Viral infections of the leptomeninges and subarachnoid space. TOGAVIRIDAE INFECTIONS; FLAVIVIRIDAE INFECTIONS; RUBELLA; BUNYAVIRIDAE INFECTIONS; ORBIVIRUS infections; PICORNAVIRIDAE INFECTIONS; ORTHOMYXOVIRIDAE INFECTIONS; RHABDOVIRIDAE INFECTIONS; ARENAVIRIDAE INFECTIONS; HERPESVIRIDAE INFECTIONS; ADENOVIRIDAE INFECTIONS; JC VIRUS infections; and RETROVIRIDAE INFECTIONS may cause this form of meningitis. Clinical manifestations include fever, headache, neck pain, vomiting, PHOTOPHOBIA, and signs of meningeal irritation. (From Joynt, Clinical Neurology, 1996, Ch26, pp1-3)

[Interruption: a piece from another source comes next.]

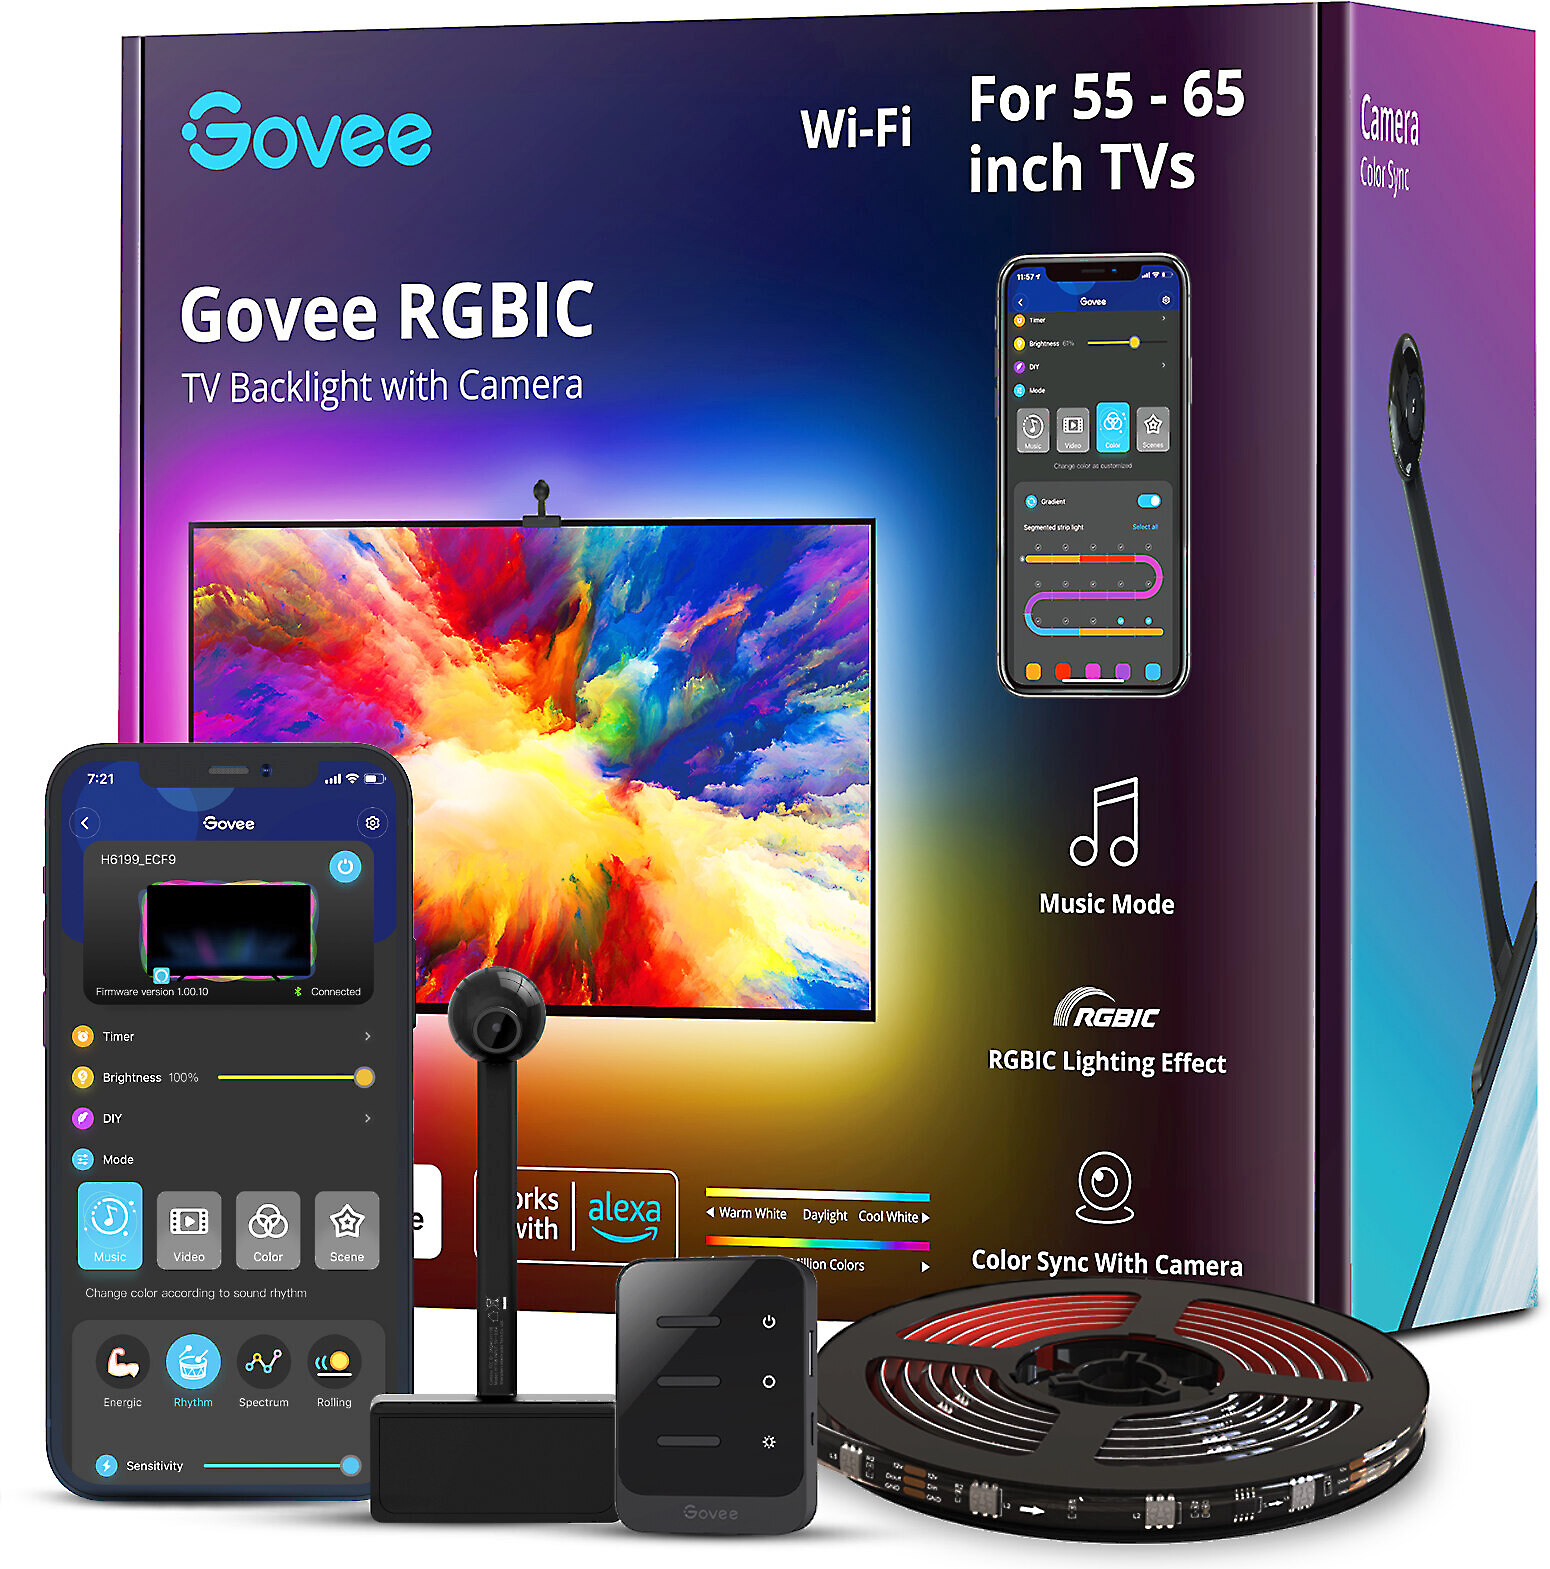 Govee TV Backlight (55-65 TVs) RGBIC LED backlight and camera system at  Crutchfield

Pathogenic infections of the brain, spinal cord, and meninges. DNA VIRUS INFECTIONS; RNA VIRUS INFECTIONS; BACTERIAL INFECTIONS; MYCOPLASMA INFECTIONS; SPIROCHAETALES INFECTIONS; fungal infections; PROTOZOAN INFECTIONS; HELMINTHIASIS; and PRION DISEASES may involve the central nervous system as a primary or secondary process.